Author(s): Enrique Utrilla

CompleteSource is a convenient format for the automated processing of information received from several different DPCs, but also a complex data structure. For this reason, the first step of the ingestion into the Gaia Archive database is to convert the CompleteSources consolidated by MDB Integrator into a simpler and flatter data structure, gaia_source, which is more suitable for publication in a table format.

The conversion of CompleteSource into gaia_source performs the following operations:

• Mapping of names in internal DPAC conventions to easier to understand names.

• Conversion of units, e.g. from radians to milliarcseconds when appropriate

• Generation of a random index that can be used to generate randomly distributed, repeatable subsets of the catalogue.

• Conversion of right ascension and declination from ICRS to ecliptic and galactic coordinates.

• Calculation of covariances between astrometric variables from the coefficients of the normal matrix.

• Calculation of the magnitude from the value of the flux.

In a similar fashion other data items, such as CU7 variability data, are converted to a format suitable for publication.

The converted data is ingested into the GACS database, including fields that are only used during the validation process. When this validation is concluded, those fields are removed to publish only data items with the expected level of quality.

## 7.3.3 Crossmatch with external catalogues

Author(s): Paola M. Marrese and Silvia Marinoni

### Introduction

The Gaia DR1 includes a precomputed crossmatch with large optical/near infrared photometric surveys. The external catalogues are here shortly described, with a particular attention on the characteristics which are important for the crossmatch. A subset of the matched external catalogues were also used by Gaia CU9 Validation and were of help in validating Gaia results.

The version of the external catalogues included in the Gaia DR1 are the ones which were used during crossmatch and validation activities: they reflect the objective they were created for, which implies that they are different from the original external catalogues in several ways. First of all they are not complete versions of the corresponding original catalogues, on the contrary they include only a subset of the available fields. In addition, we often modified original fields names, null values treatment and units. We sometimes added new fields needed by crossmatch and finally we tried to homogenize the catalogues as far as possible. Modifications were in general applied to simplify and facilitate the use of the catalogue for crossmatch purposes. In some cases the external catalogues described here were obtained from a larger set of data (SDSS dr9 was obtained from photoObj FITS data).

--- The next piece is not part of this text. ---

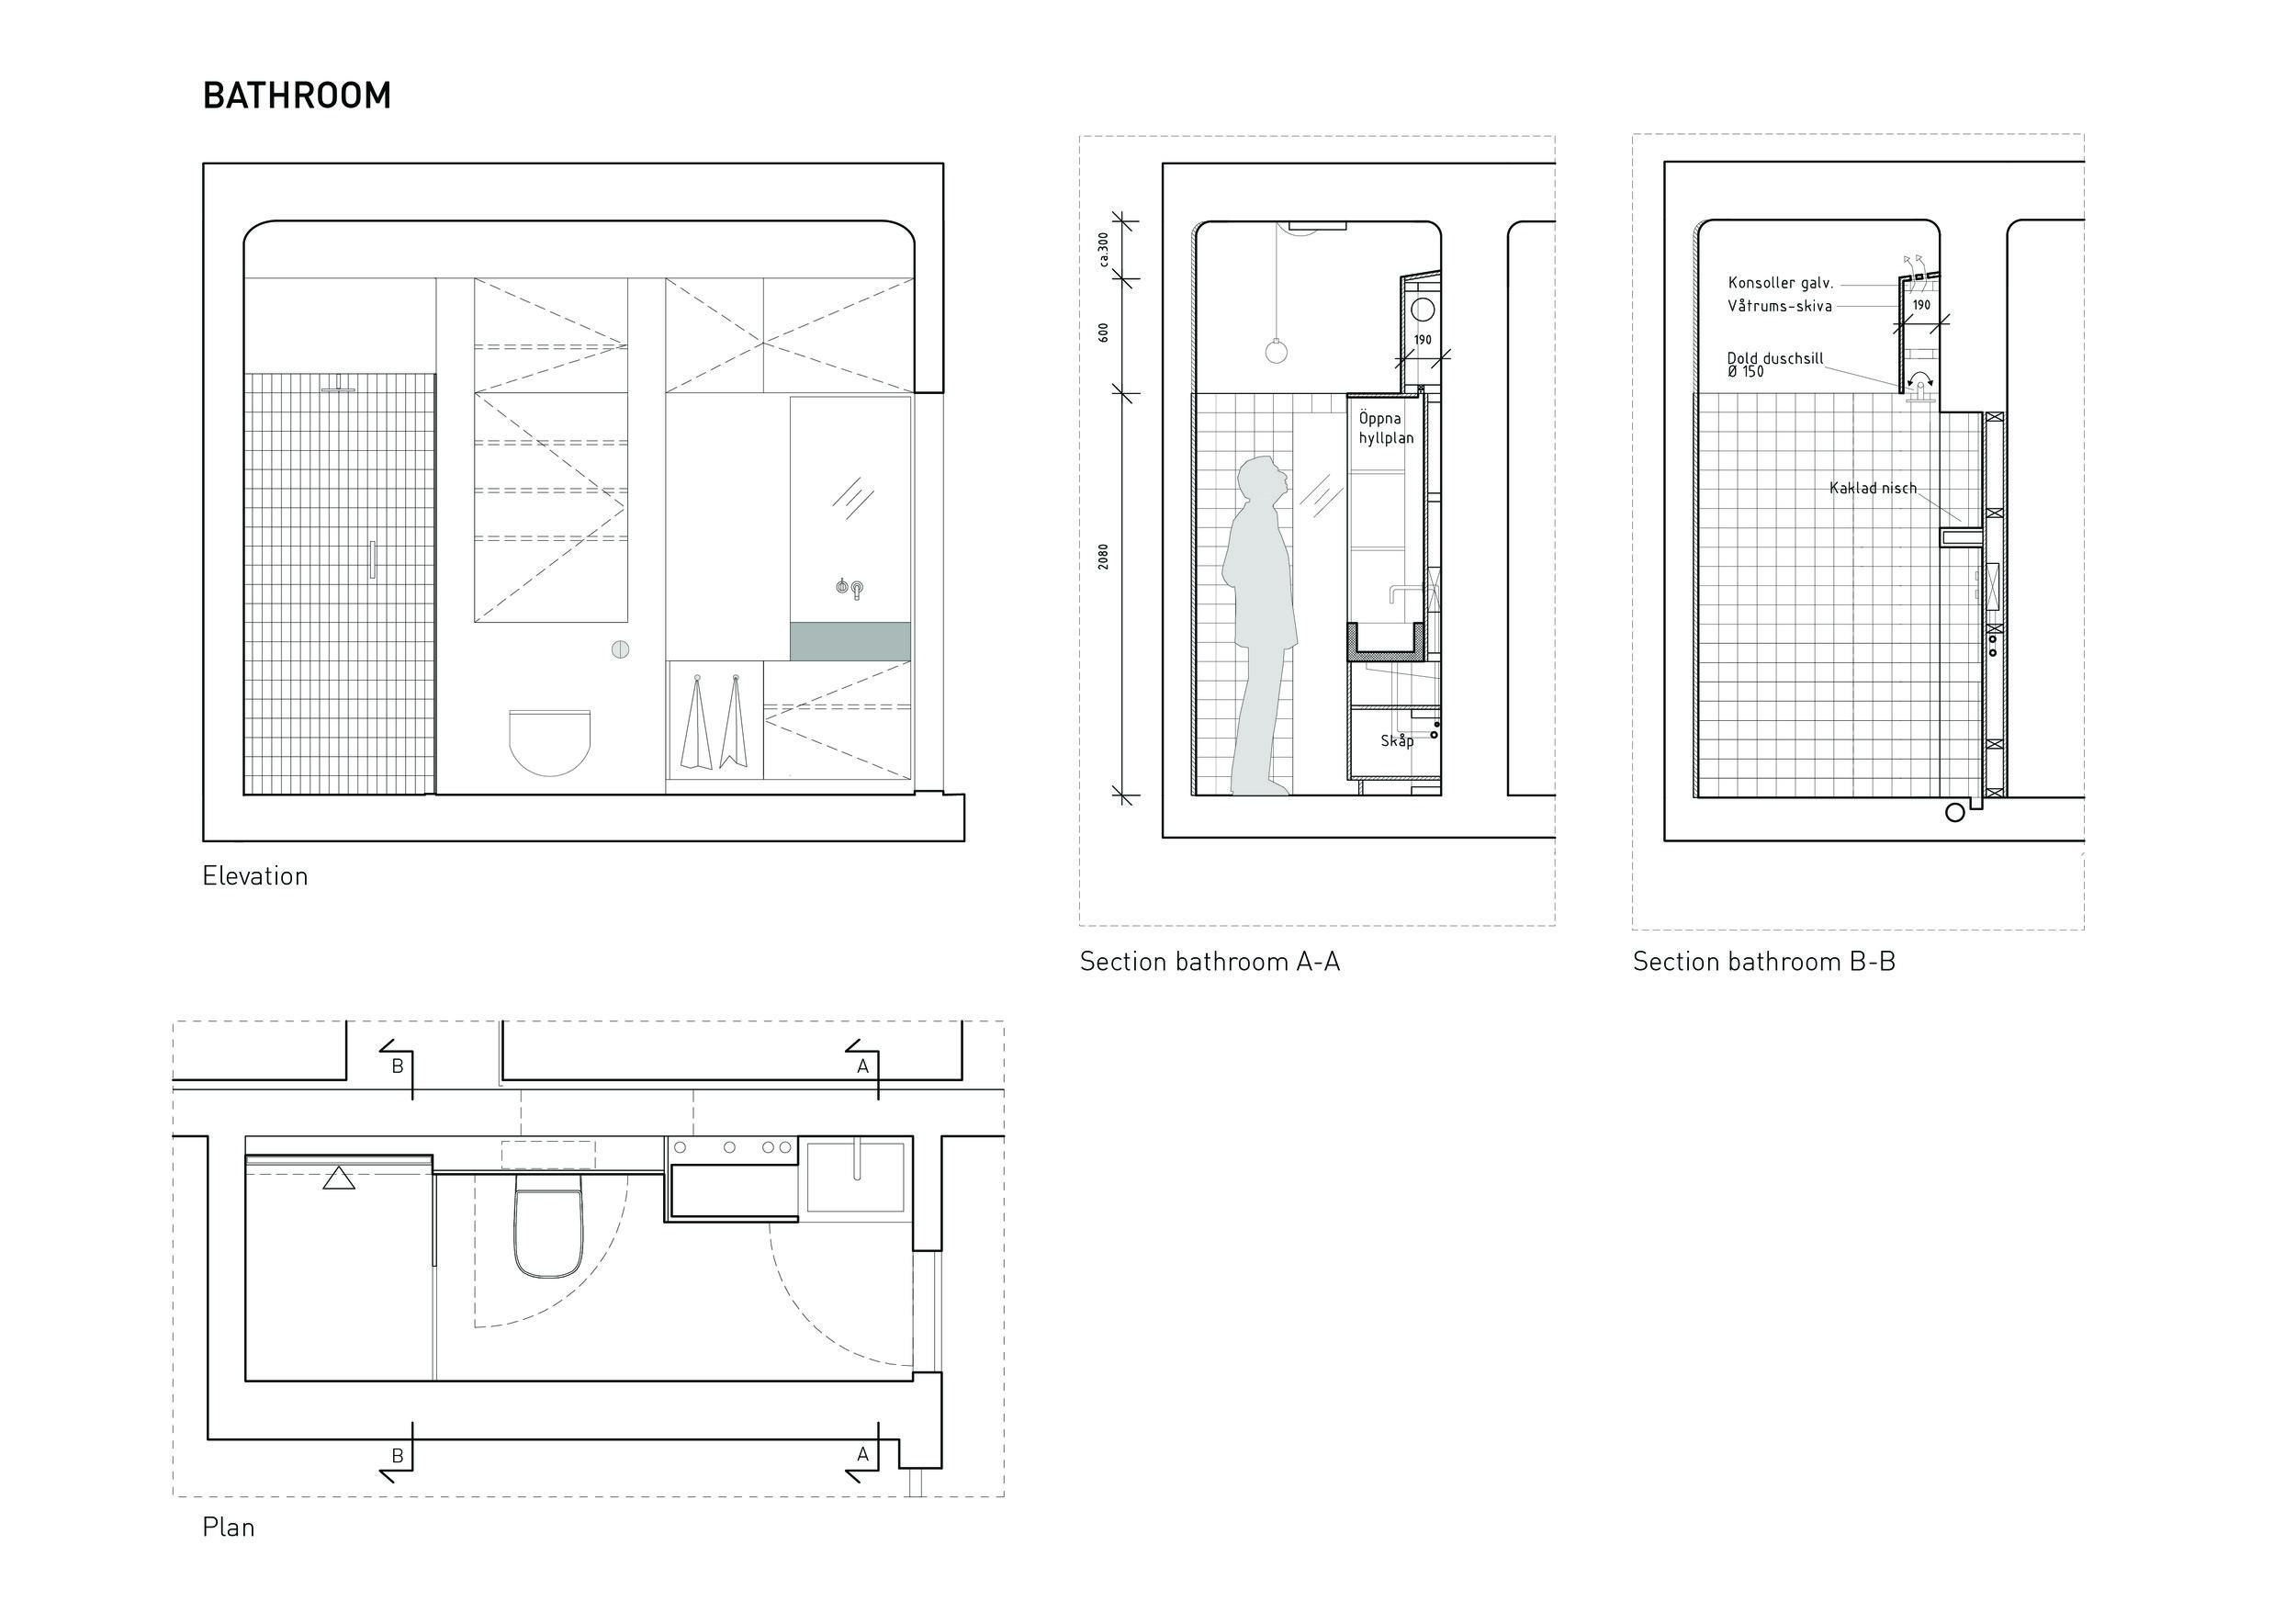 04_bathroom-01-01.jpg

### The external catalogues matched with Gaia

The following is the list of External Catalogues crossmatched with Gaia DR1 catalogue:

• 2MASS PSC

• UCAC4

• GSC2.3

• SDSS DR9

• AllWISE

• PPMXL

• URAT-1

2MASS PSC

Reference paper: Skrutskie et al. (2006)

The 2MASS All-Sky Data Release contains Image and Catalog data covering 99.998% of the sky, derived from all northern and southern survey observations. The all-sky release products include a Point Source Catalog (PSC), containing positions and photometry for 470 992 970 objects, an Extended Source Catalog (XSC), containing positions, photometry and basic shape information for 1 647 599 resolved sources, most of which are galaxies, and the Image Atlas, containing over 4 121 439 J, H, and K${}_{s}$ FITS images covering the sky.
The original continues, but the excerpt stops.